Friday, August 20, 2004

IRS files tax lien against Rose



By John Erardi
Enquirer staff writer

AT A GLANCE
The $973,693.28 lien filed by the IRS against Pete Rose represents the tax liability, along with interest and penalties, of the following year's tax returns:

1997: $233,077.59

1999: $248,473.57

2000: $45,466.27

2001: $300,521.02

2002: $146,154.83

The Internal Revenue Service has filed an almost $1 million tax lien against former Cincinnati Reds star Pete Rose in Broward County, Fla., according to the Broward County clerk's office.

The lien is for taxes owed, along with interest and penalties, on five years worth of Rose's individual tax returns: 1997, and 1999 through 2002.

Rose's petition for reinstatement to baseball was derailed last year when the Enquirer reported that he owed the IRS $151,690 on his 1998 tax filing. He eventually paid that debt, which was viewed as helping his case for reinstatement to baseball.

But baseball's position on Rose has remained wait-and-see.

Until Rose is reinstated, he can't be considered for the Baseball Hall of Fame.

Rose has been banned from baseball since 1989 because of his involvement in gambling.

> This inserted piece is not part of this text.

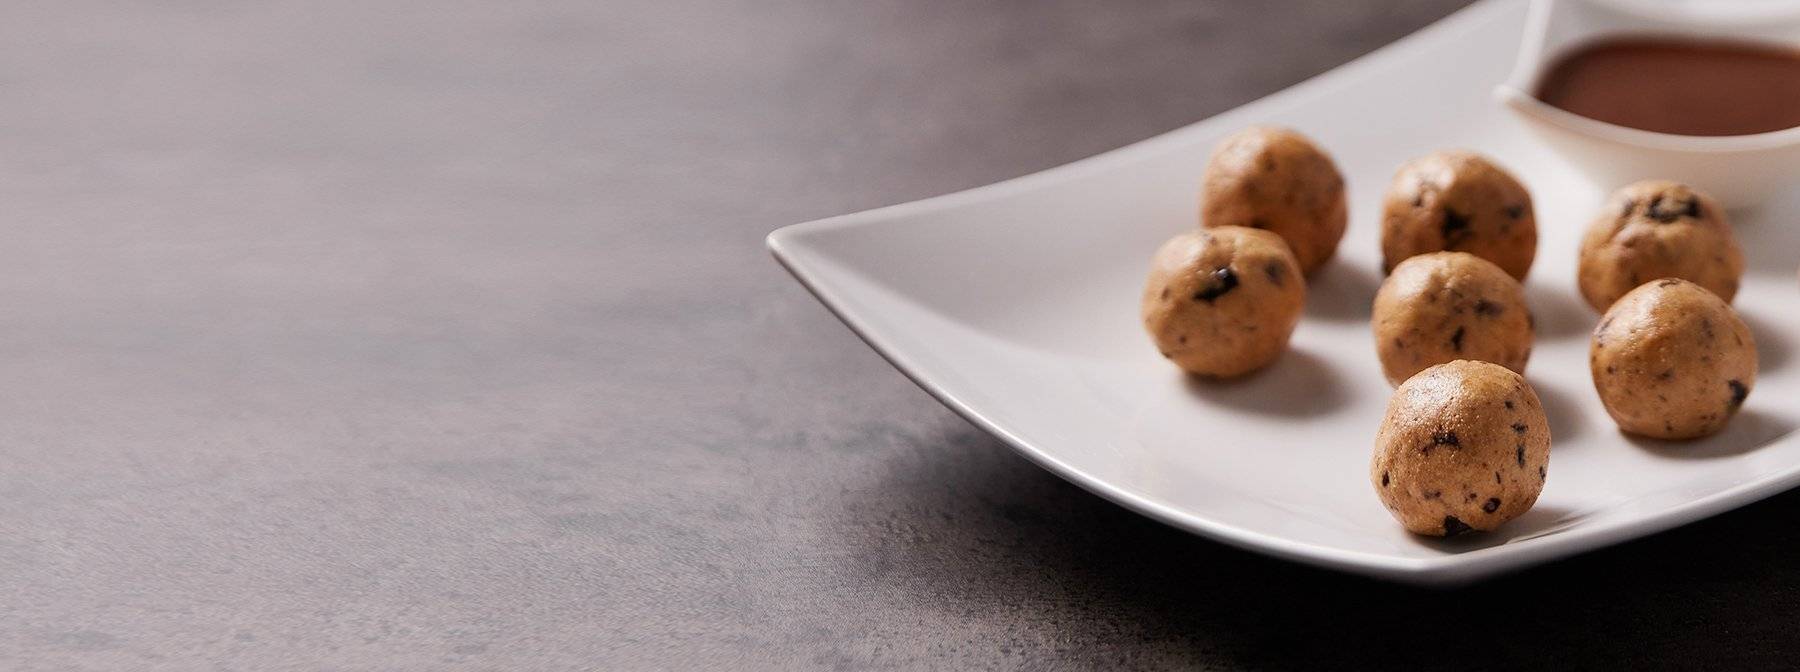 Peanut Butter Cookie Dough Bites | Gesunde, proteinreiche Snacks

But now Rose has an even bigger federal debt: $973,693.28.

Rose's business agent, Warren Greene, did not return calls Thursday. Major League Baseball officials also did not return calls.

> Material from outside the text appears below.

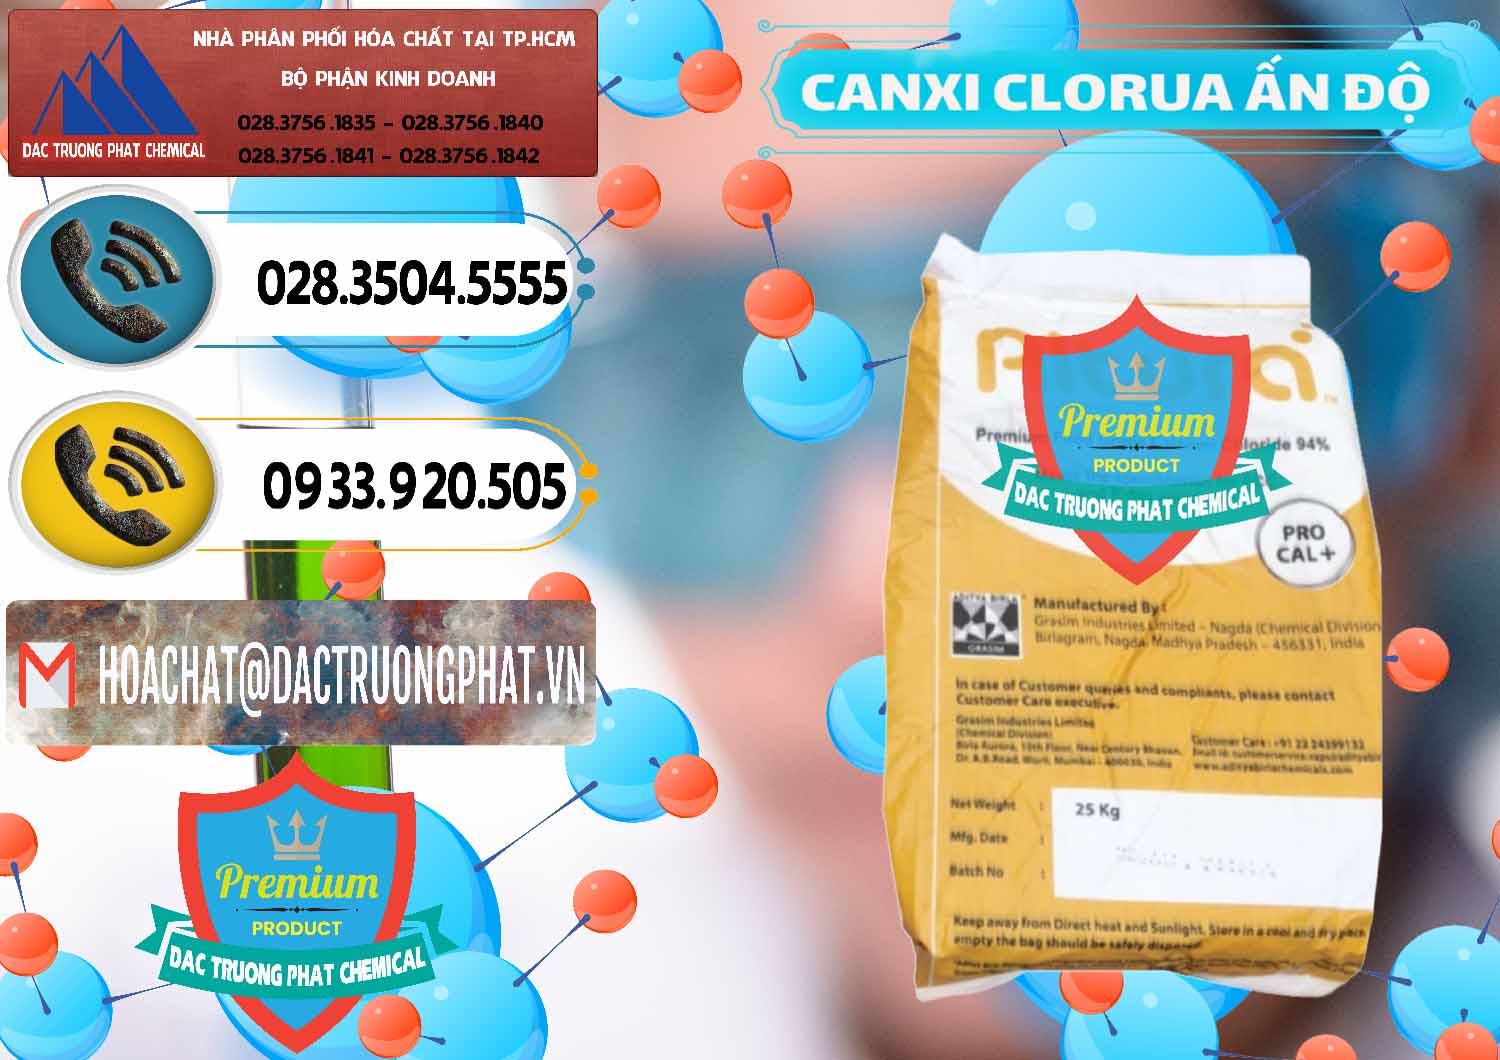 Bán _ phân phối CaCl2 – Canxi Clorua Food Grade Altura Aditya Birla Grasim Ấn Độ India - 0436 - Công ty cung cấp _ phân phối hóa chất tại TP.HCM - hoachatdetnhuom.vn

Gloria Sutton, a spokeswoman for the IRS, could not speak specifically about Rose's case but said the IRS always has considerable discussion with the taxpayer and his or her representatives before filing a lien.

"It's something that the taxpayer is well aware of - it's not something they don't know," she said.

Paul Caron, a University of Cincinnati tax law professor, said the IRS files a lien only after repeated effort at collection.

"His property is (now) frozen," Caron said. "He's not going to be able to sell it or refinance it or do anything with it until he satisfies the debt and the lien is removed."

The lien is the first step of the IRS taking aggressive action to get its money, Caron said. Next would come attaching of properties and income, such as that which Rose derives from public appearances and selling memorabilia.

"The IRS filed this lien to get (Rose's) attention, to ratchet things up," Caron said. "That they had to file this lien suggests that they haven't been able to get Mr. Rose to take this debt seriously. ... To have a lien in that amount, that's a big number."

Caron said he was surprised a payment plan was not worked out.

"A payment plan would have kept this out of the newspapers," Caron said. "What they (the IRS) want is a good-faith effort to pay. The IRS has a history, of the last five years or so, that if a debtor will meet them halfway - actually, not even halfway - if the (taxpayer) will begin some kind of payment plan, then it can worked out."